>>
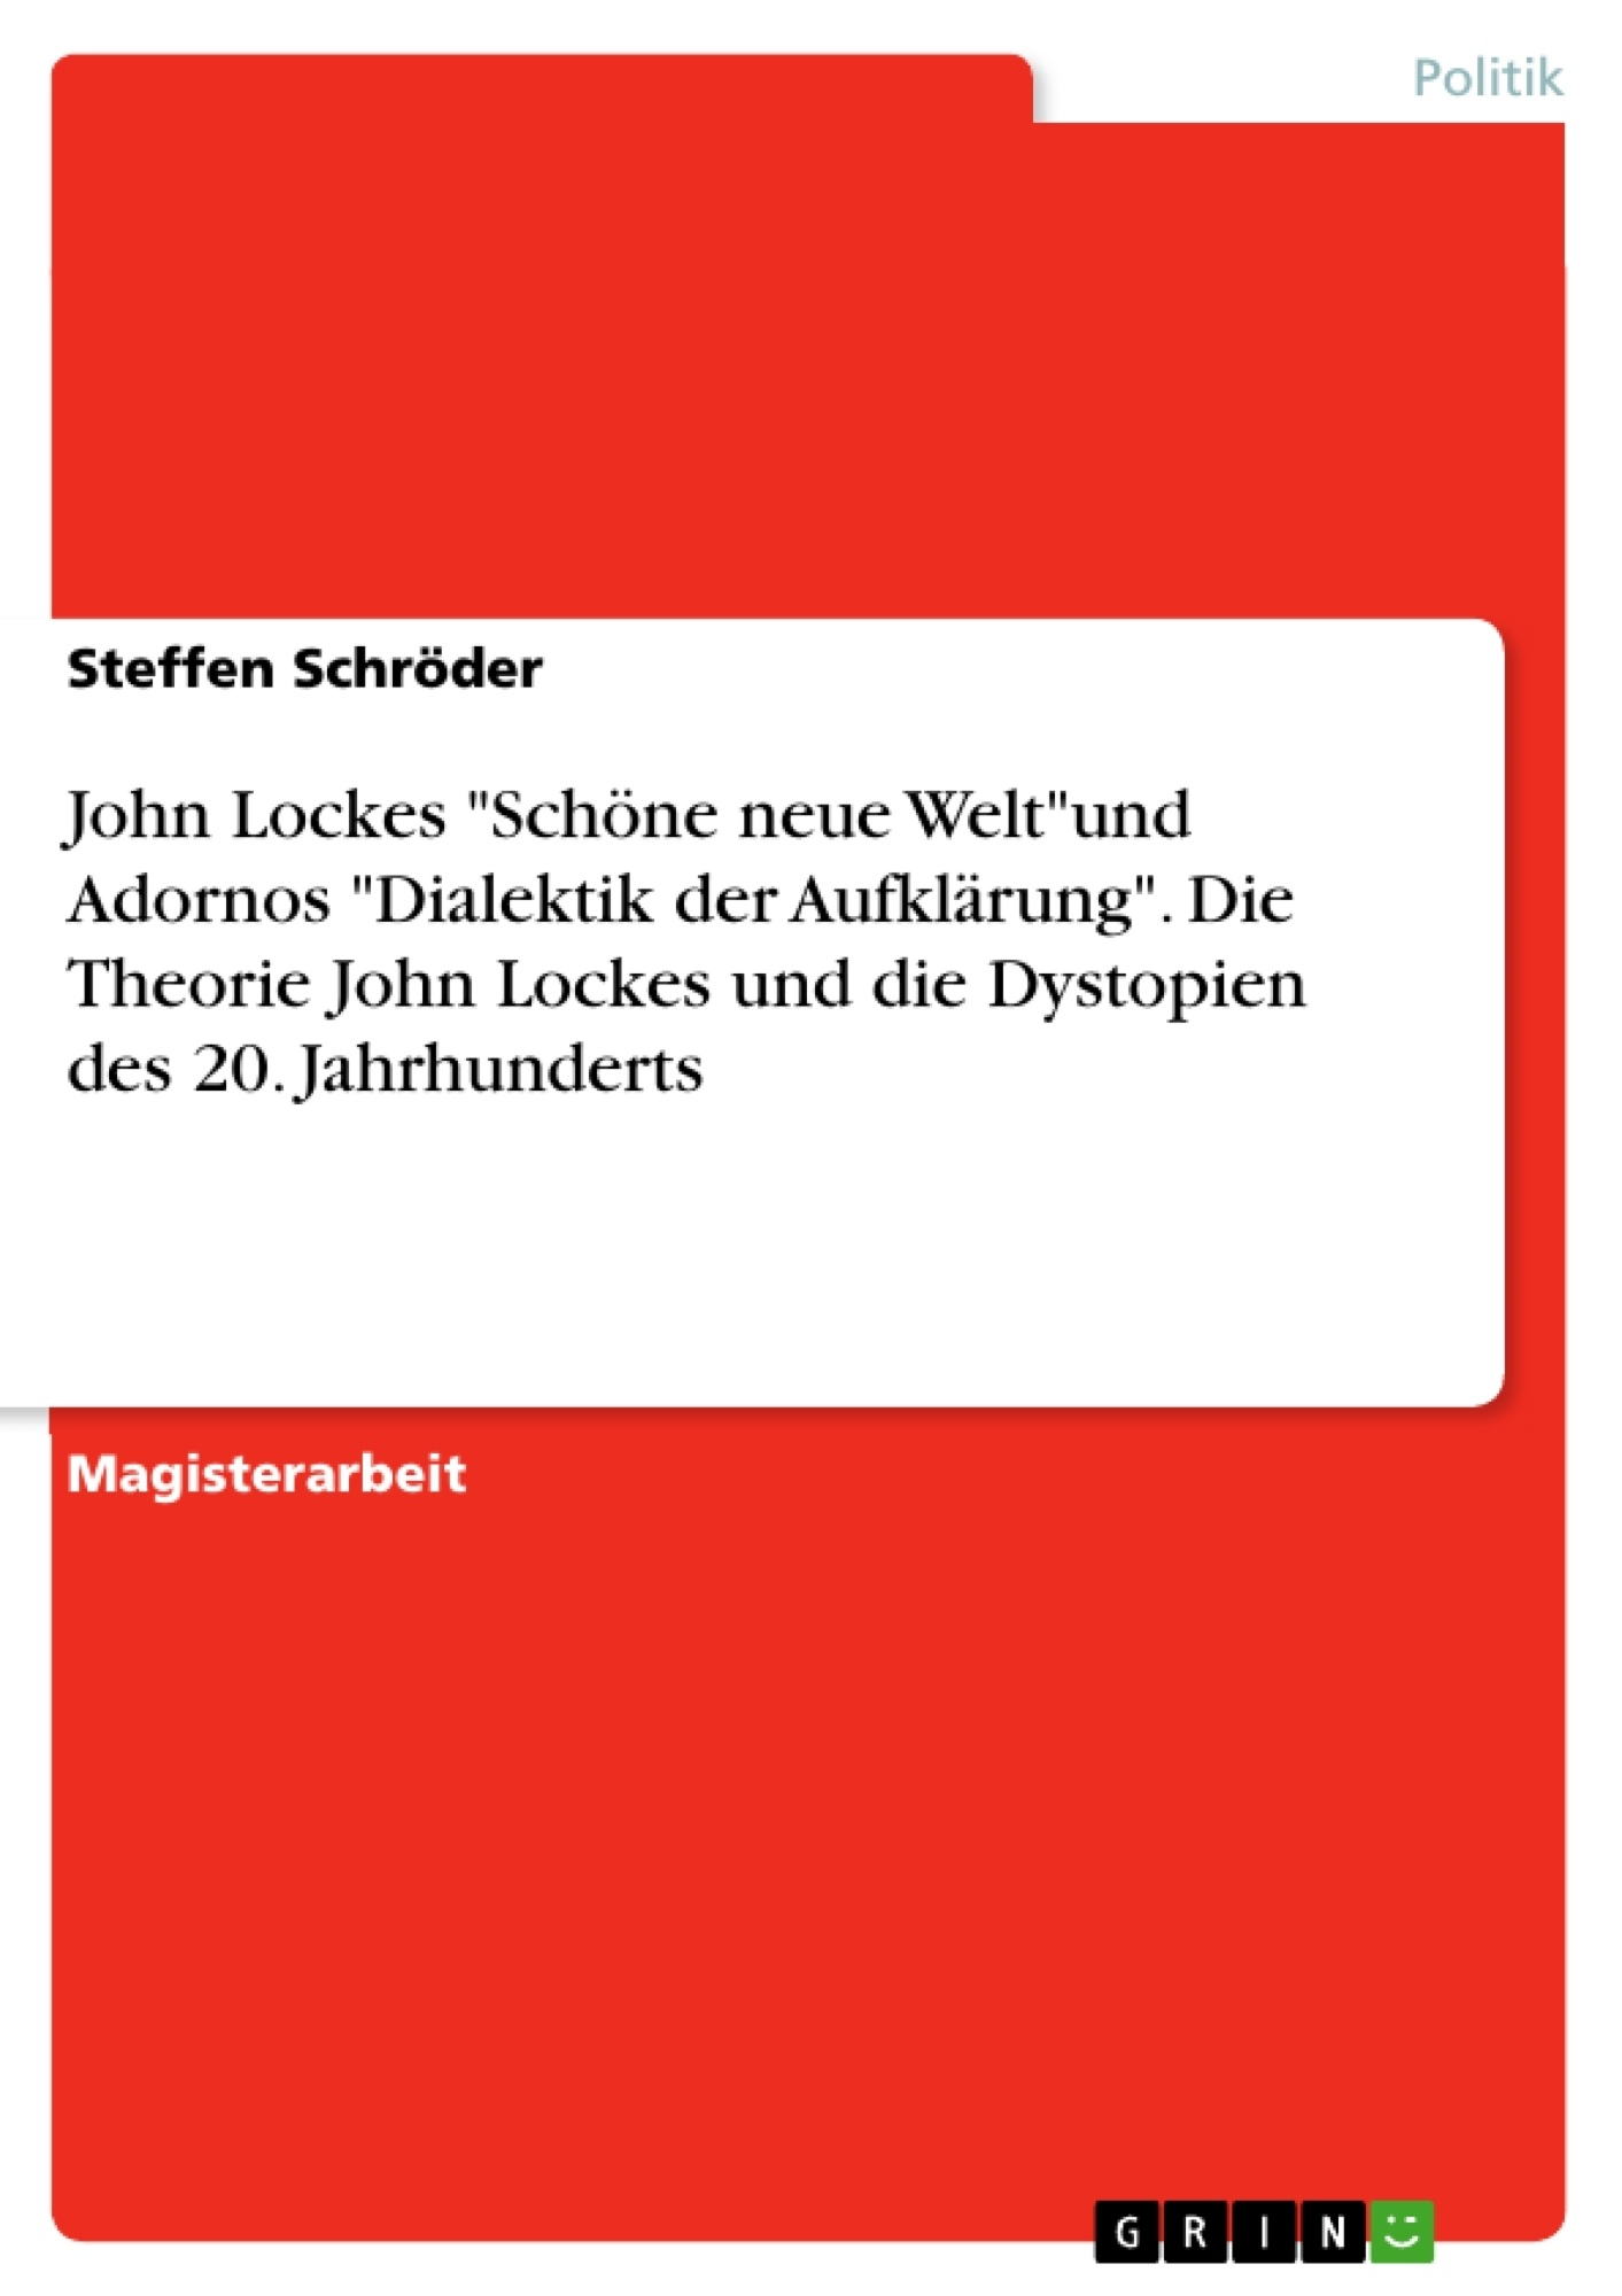 """Titel: John Lockes """"Schöne neue Welt""""und Adornos """"Dialektik der Aufklärung"""". Die Theorie John Lockes und die Dystopien des 20. Jahrhunderts"""
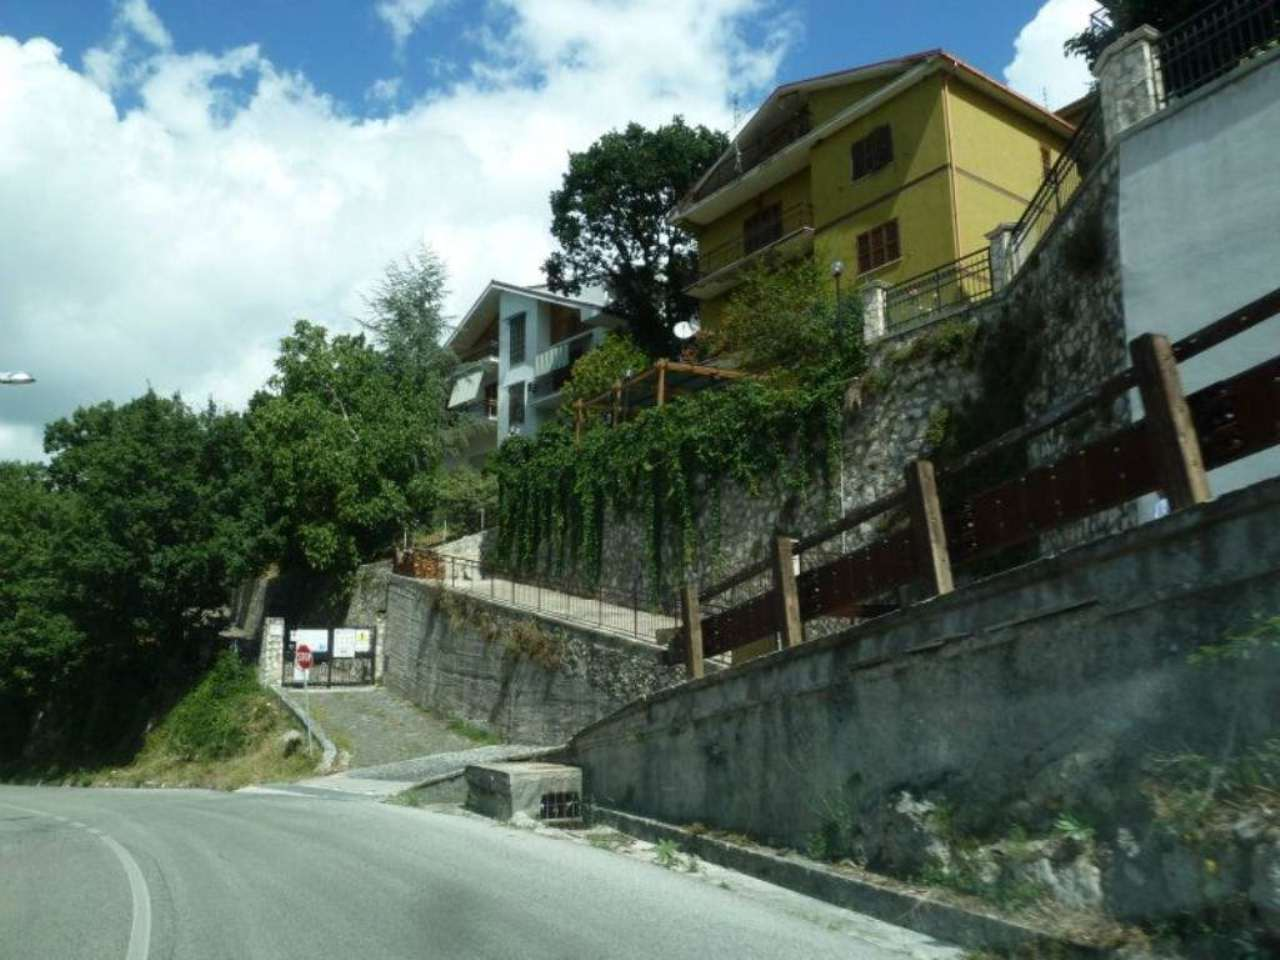 Appartamento in vendita a Pereto, 9 locali, prezzo € 75.000 | Cambio Casa.it
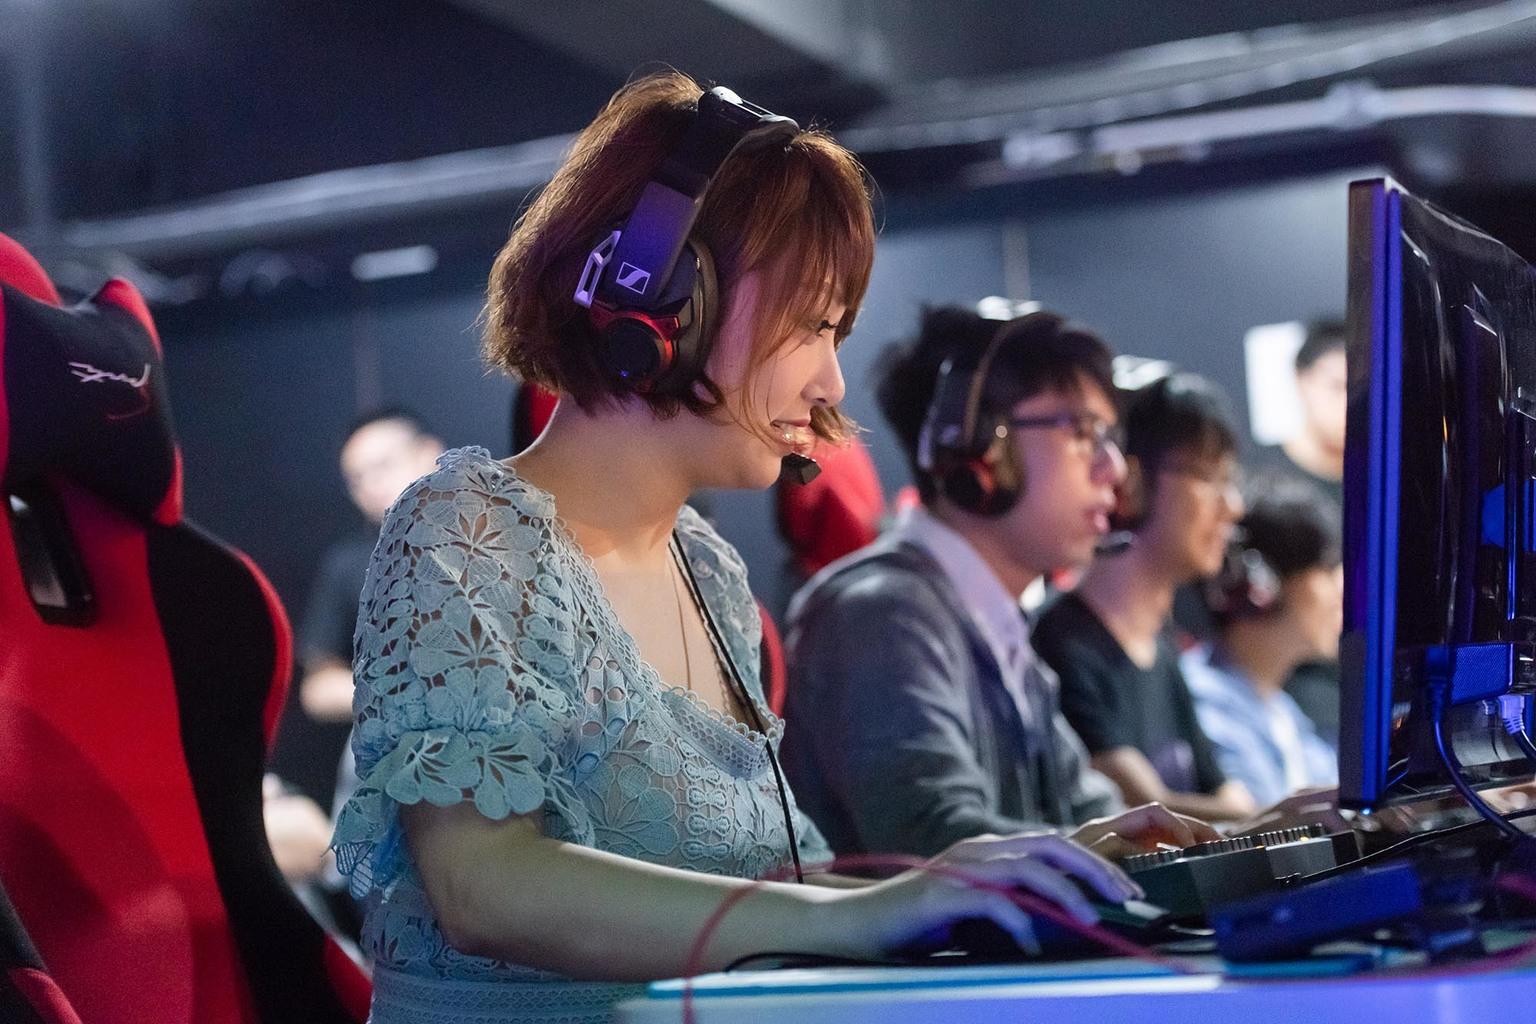 專為「食雞」而設遊戲耳機   SENNHEISER GSP 600 電競耳機聽腳步聲最強
<<
ABOUT THIS TASK -> Working from the line with "Appartamento in vendita" to the last line of the material above, repeat each line exactly and leave out the pictures.

EXERCISE ANSWER ->
 Appartamento in vendita a Pereto, 9 locali, prezzo € 75.000 | Cambio Casa.it
 專為「食雞」而設遊戲耳機   SENNHEISER GSP 600 電競耳機聽腳步聲最強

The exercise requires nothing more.